• _Required work_: Keep the images out while you retype all of the data exactly.

• _Raw data_:

________________________________________

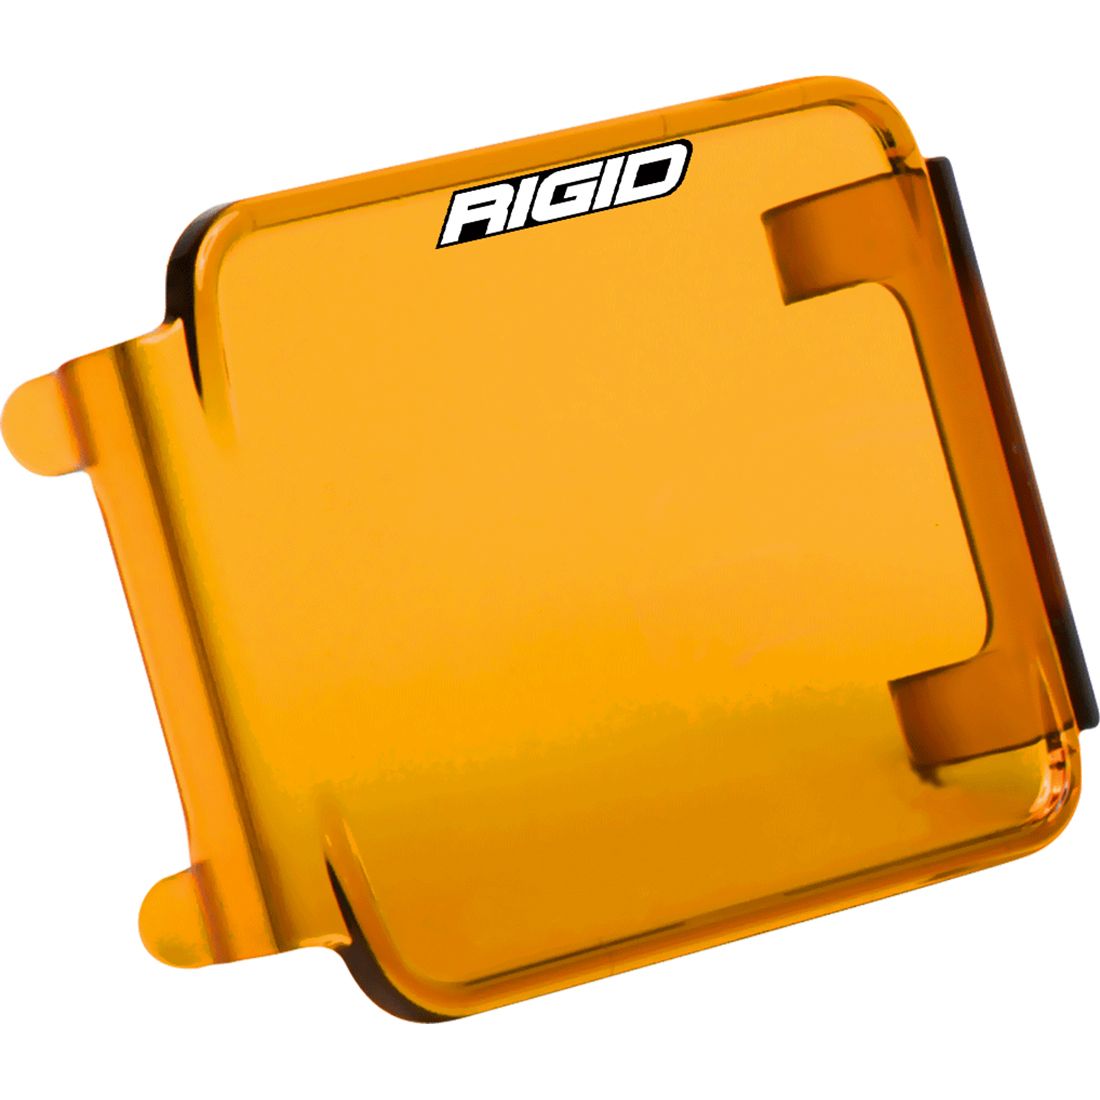 Rigid D-Series / Radiance Covers (Sold in singles)
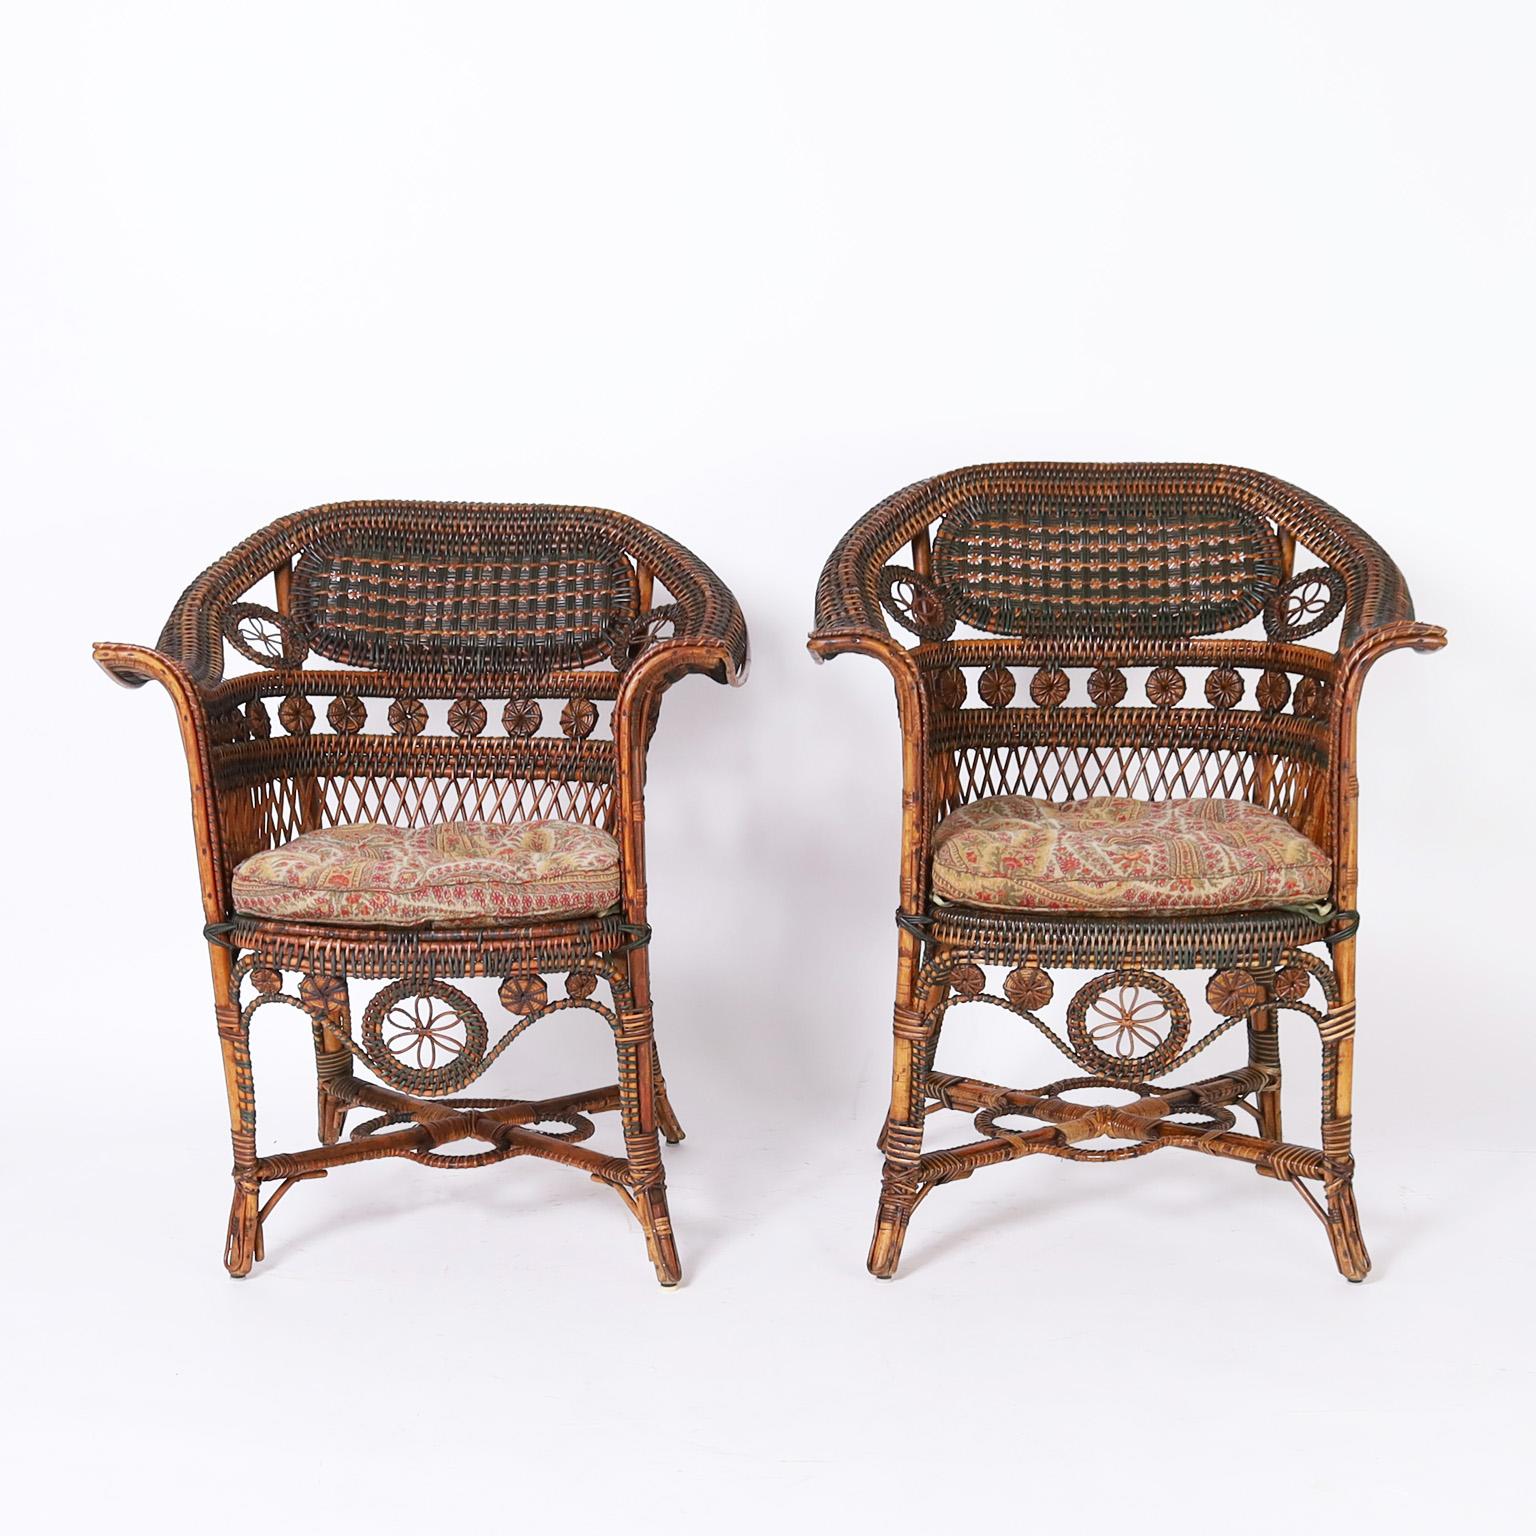 Impressive pair of antique French rattan and reed cafe chairs with bent wood frames decorated with painted and natural reed wrapped rattan in a graceful form with sturdy cross stretchers. Signed Pierre Leroux. As seen in the last photo of the
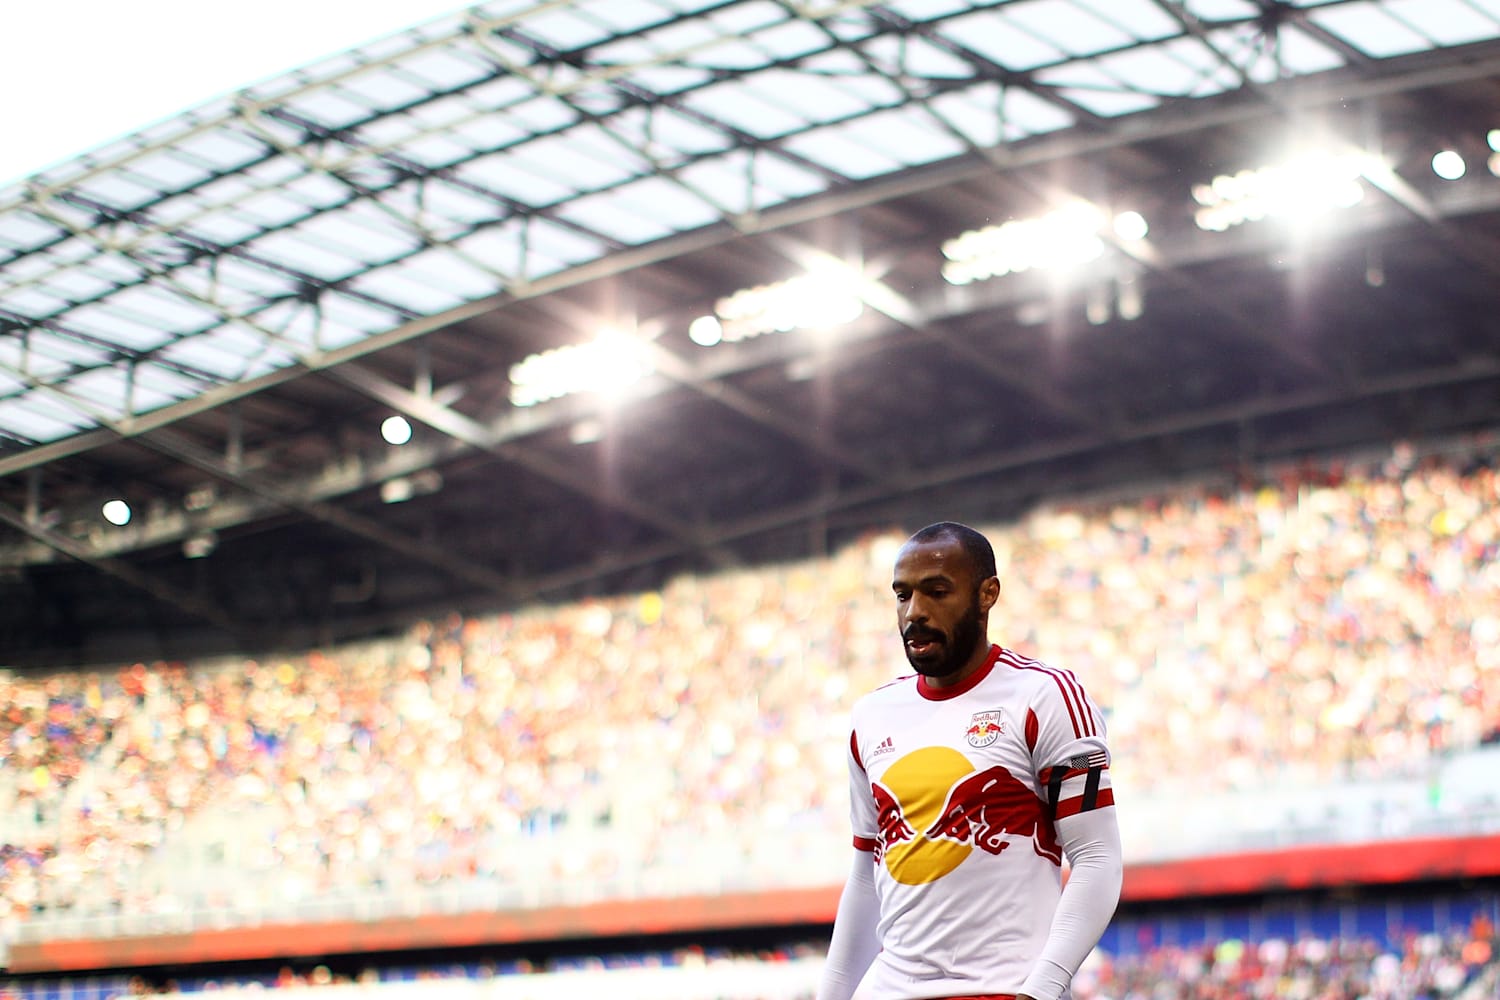 GOAL: Mistake in back for HOU makes it easy for Thierry Henry

________________________________________

• _Task answer_:
 Rigid D-Series / Radiance Covers (Sold in singles)
 Impressive pair of antique French rattan and reed cafe chairs with bent wood frames decorated with painted and natural reed wrapped rattan in a graceful form with sturdy cross stretchers. Signed Pierre Leroux. As seen in the last photo of the
 GOAL: Mistake in back for HOU makes it easy for Thierry Henry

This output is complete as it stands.